One of the most exasperating features of emergent church thinking is the constant tendency to set propositional statements over against narrative. Abandoning propositions, they are trying to recover the idea of pastor as story-teller. As I have pointed out before, this is like abandoning verbs and nouns in favor of sentences, or lumber for houses. Stories are made up of propositions. “In a castle by a lake lived a little boy with his green dragon” is proposition. “Jesus rose from the dead” is a proposition.
The confusion is so widespread, and yet so simplistic, it is worth asking what on earth the emergent folks are reacting to. For it must be a reaction, and clearly does not represent a well-thought out position. When they reject propositional theology in favor of story, what do they think they are rejecting? I believe the problem they have with “propositions” is caused by the fact that ministers do not act like they believe their propositions (whether they are found in dogmatic theology, may its tribe increase, or in stories). This problem is actually as old as dirt, and the reaction to it does not deserve to be dignified with a breathless, cutting edge term like post-modernism. When Jesus came along and began teaching with authority, and not as the scribes, the twelve disciples did not begin identifying themselves as post-scribal. What the postmodernists and emergent church johnnies are reacting to is the perennial problem of ecclesiastics who have positional authority without having what we call moral authority. But moral authority is granted by the Spirit of God, and not by spastic reactions to the dull guys who are currently in charge. It takes more than just quitting your job as pastor in the ho-hum church and starting up a new “emergent” church in a nightclub to obtain moral authority. Where is the improvement if we move from dull people doing normal things to dull people doing weird things?

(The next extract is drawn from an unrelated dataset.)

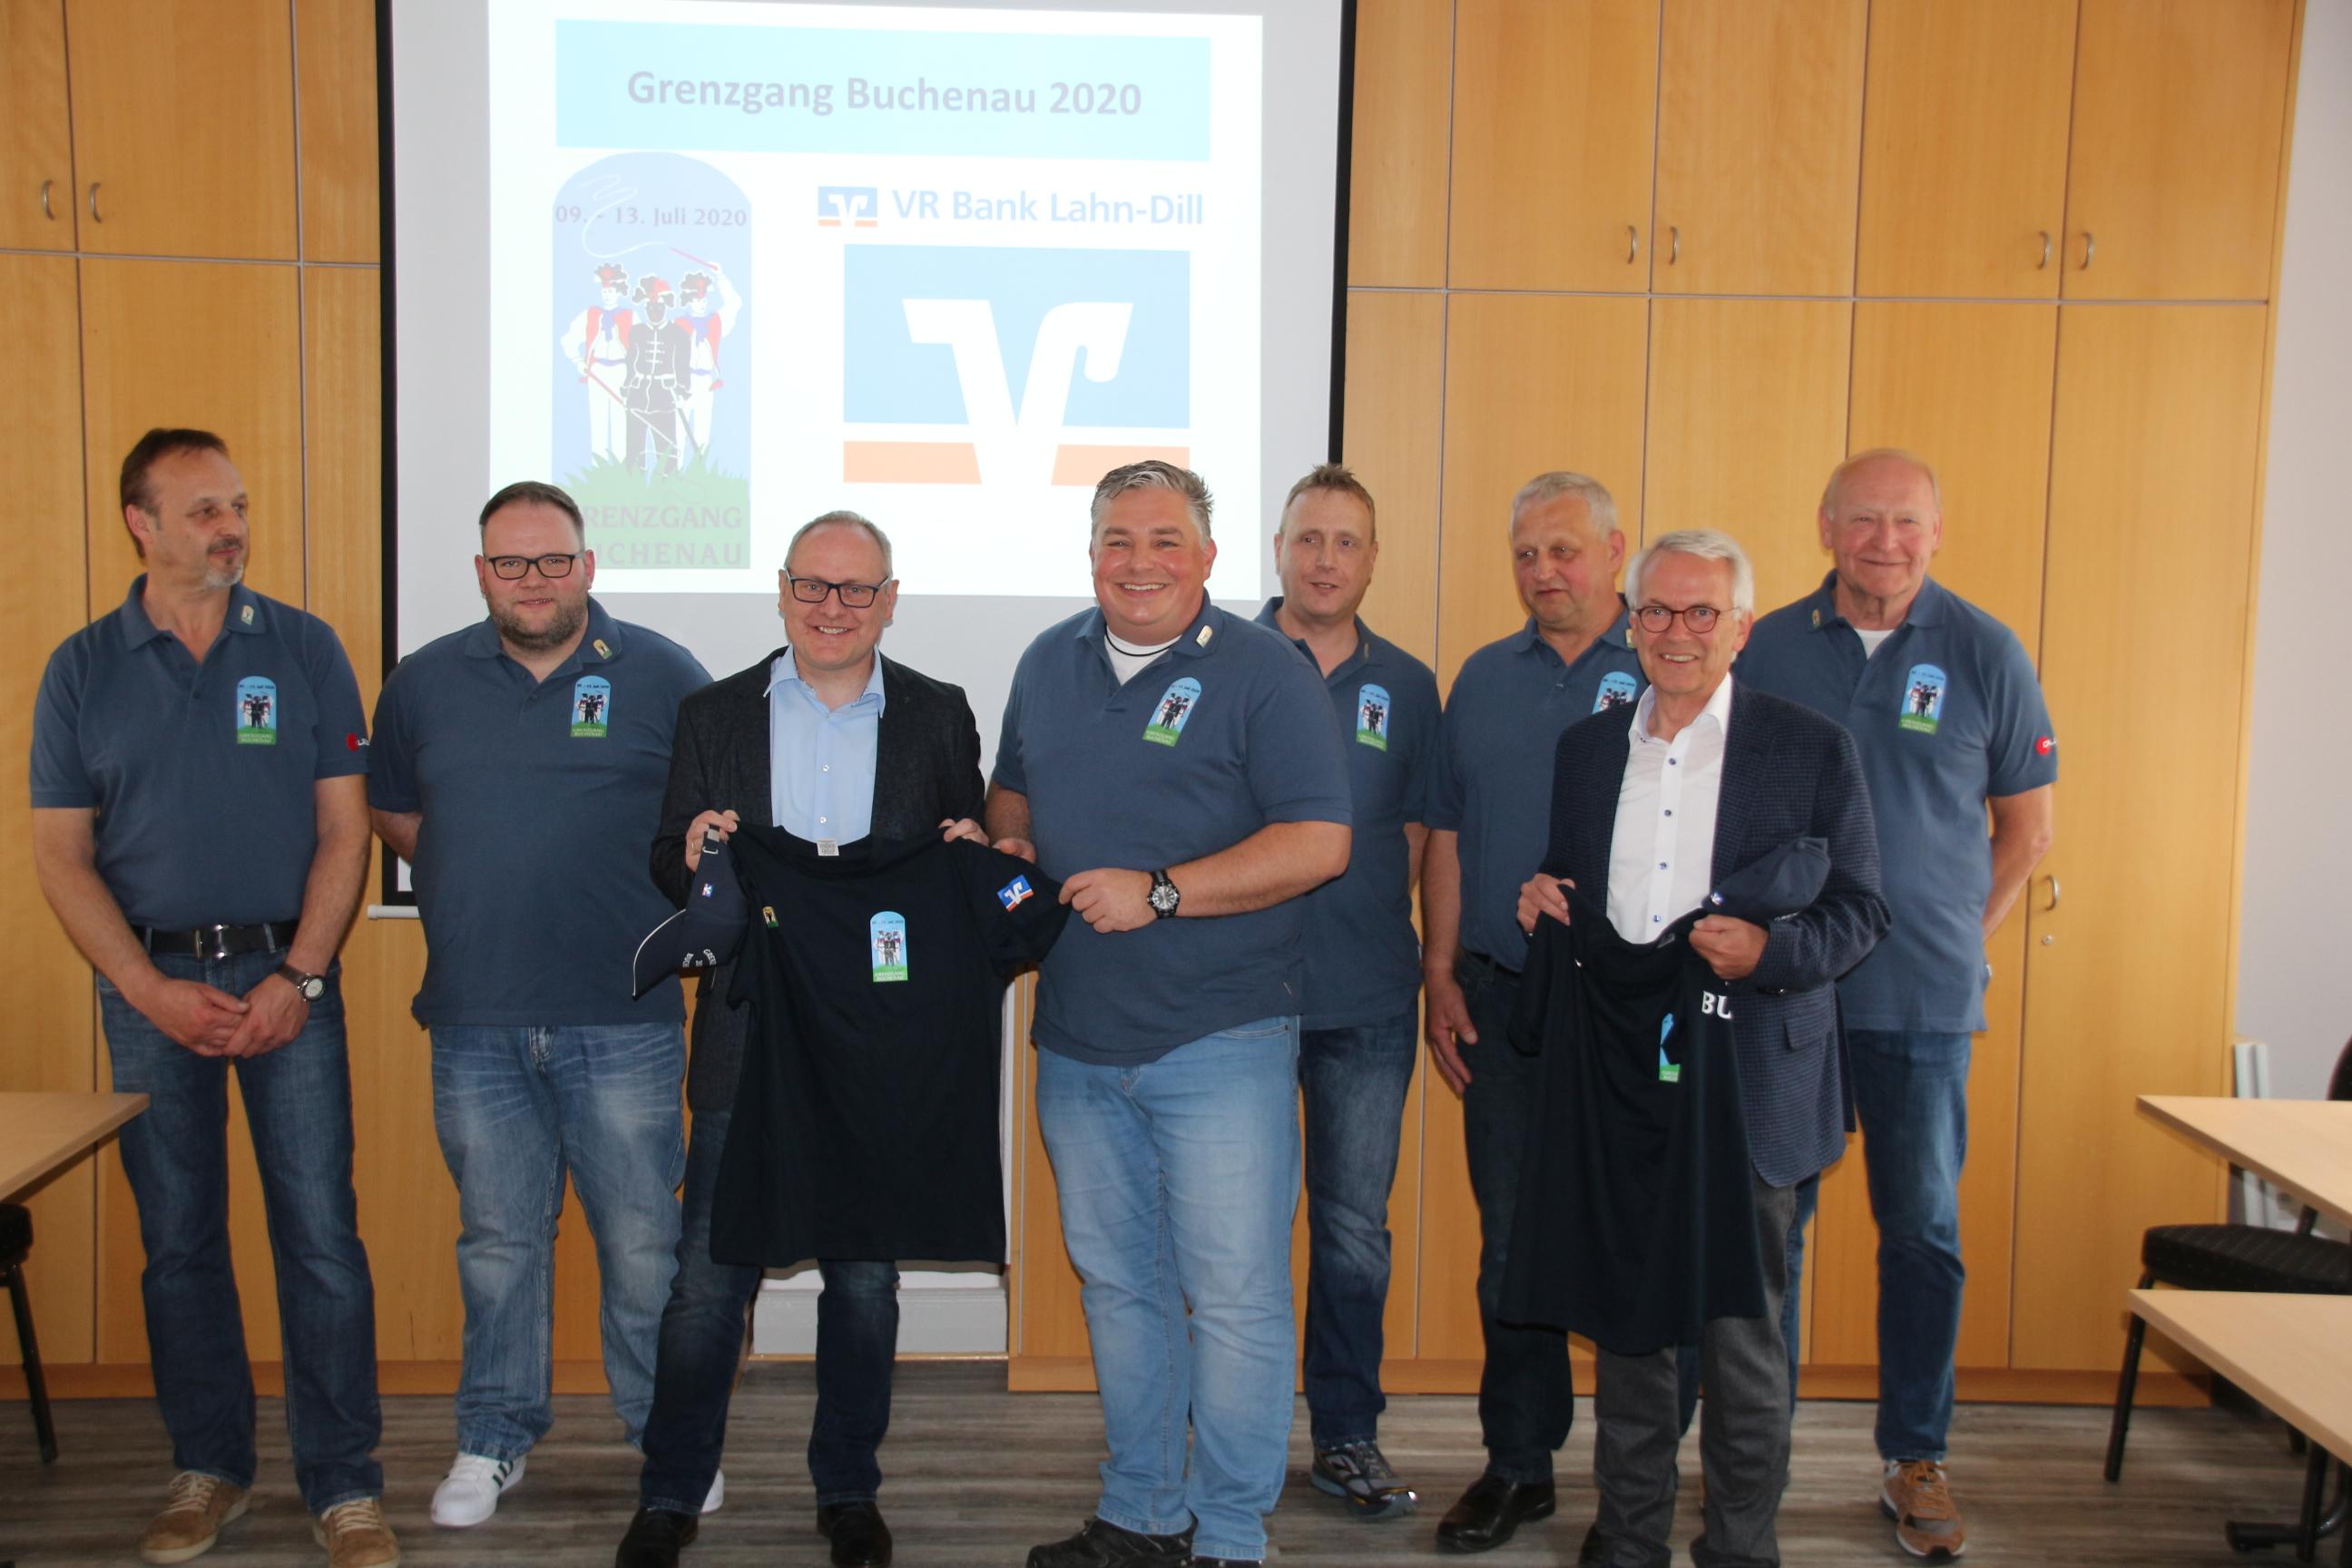 Übergabe der Shirts zum Grenzgang Buchenau 2020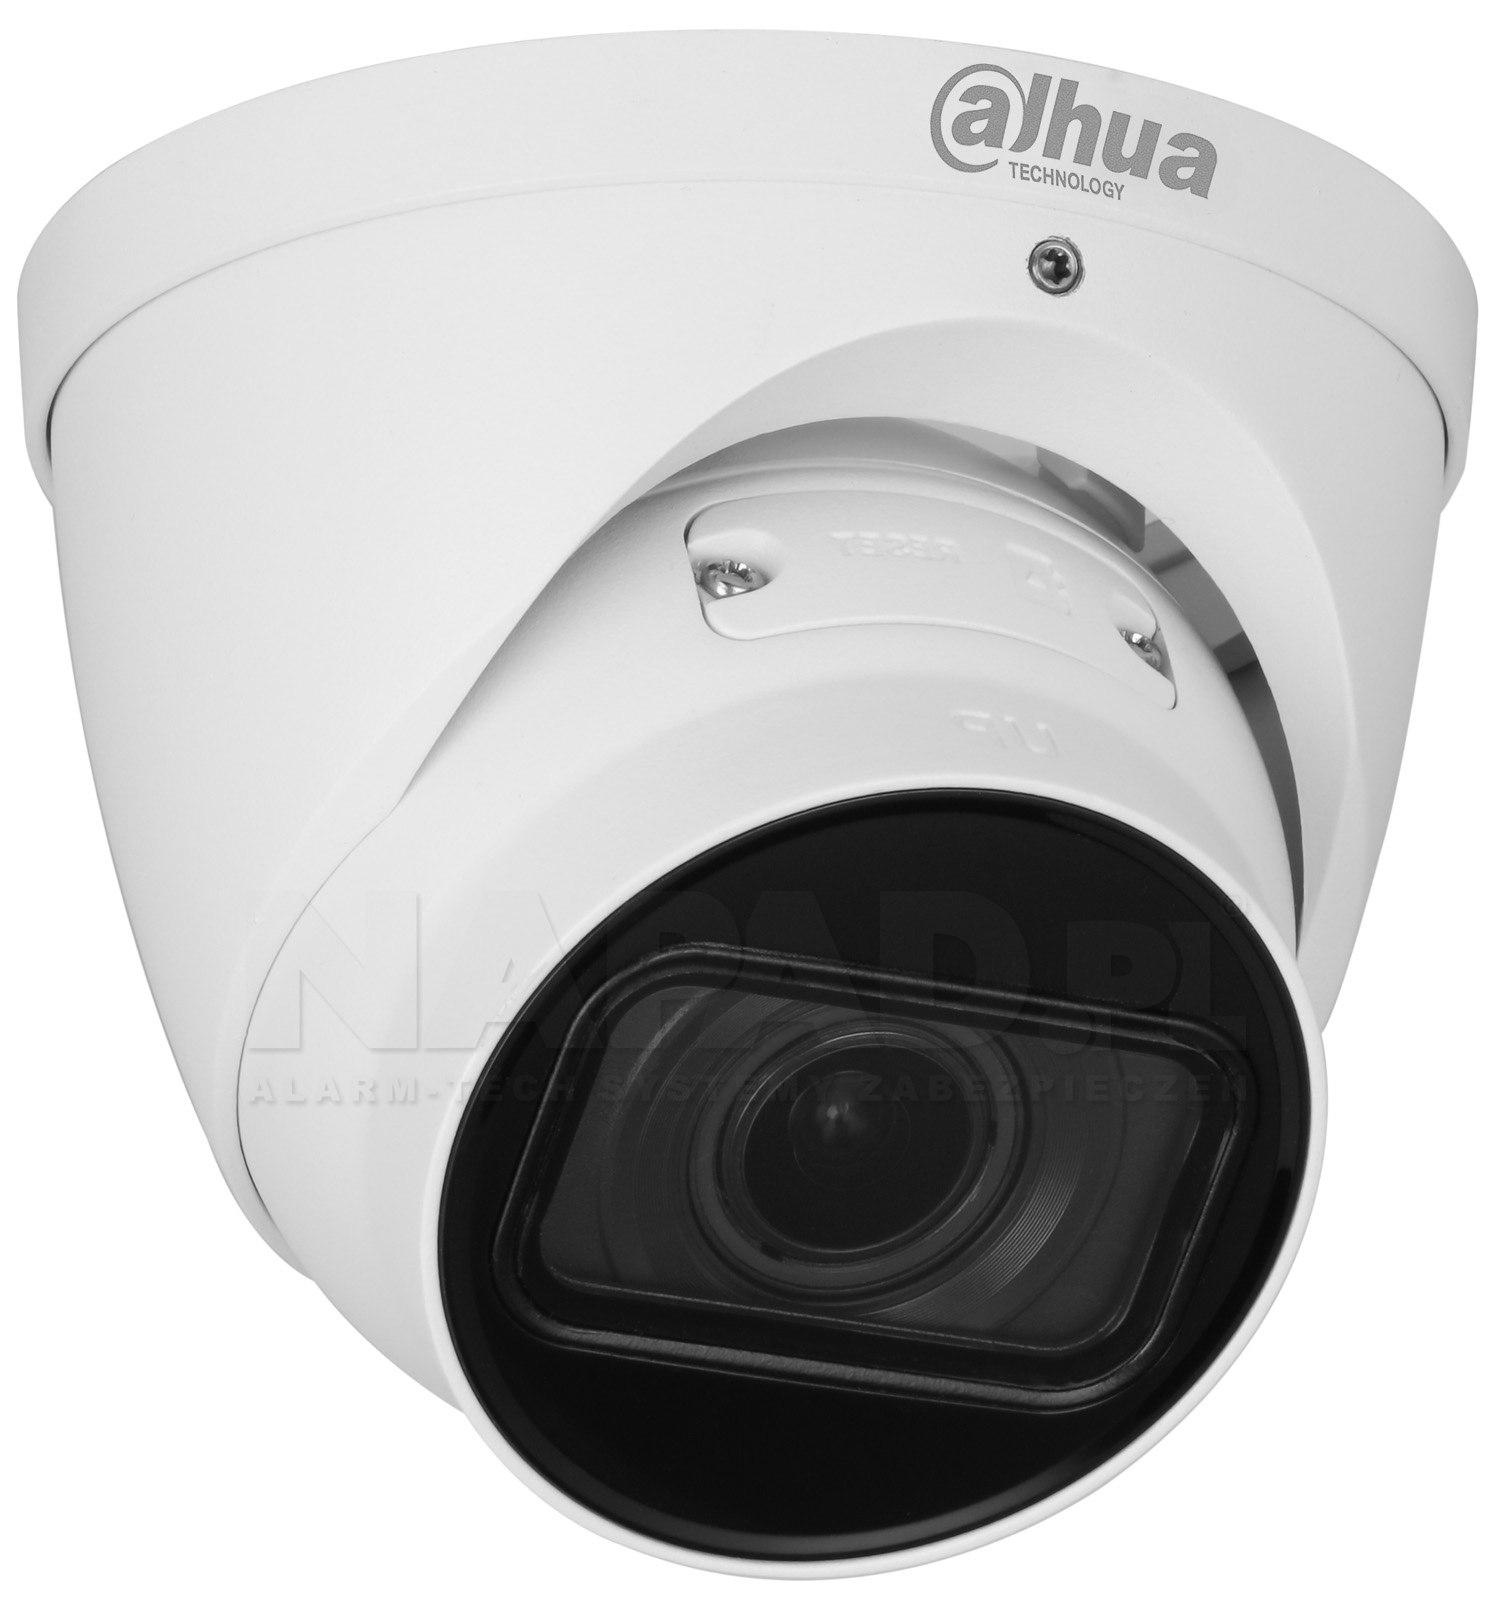 Kamera IP 5Mpx DH-IPC-HDW2531T-ZS-27135-S2

If your living room is dull, nothing changes just because you rearrange the furniture. Of course, if you get really exasperated with the Dullness, you can liven things up for about fifteen minutes if you paint the couch with orange latex. But after that, it is still a dull place to be, and the couch is sticky.
The rabbis who did not have the authority that Jesus had could not have remedied the problem by getting an eyebrow pierced. Okay, a bit of excitement for a sabbath or two, but when we all settle down again, he still preaches like dishwater left in the sink overnight. And if he goes for another three weeks, and tries to regain the previous excitement by getting the other eyebrow pierced, you have a good picture of the vanity of the emergent church. Ironmongery and sticky couches will never give you something to say. And if you have nothing to say, that fact will always be evident to everyone shortly.
Propositions are among the most thrilling gifts that God ever gave to us. But sin blinds us, and those who cannot see this are spiritual dullards. This includes people who professionally handle their dusty books propositions in the Ssshhh! Library of God, as well as those who pretend to throw propositions away in order to tell us all a Really Exciting Metanarrative. But for starters, exciting metanarratives don’t have words like metanarrative in the title. In Anglo/Saxon, this word would be rendered as Bigstory, or in western parlance, Tall Tale. As they reject propositions, I await the results with the same anticipation of a customer in a diner who has ordered an omelet from a cook who doesn’t believe in eggs anymore. In either case, all who treat propositions with contempt are spiritual dullards — and whether they are scribes or post-scribes doesn’t much matter.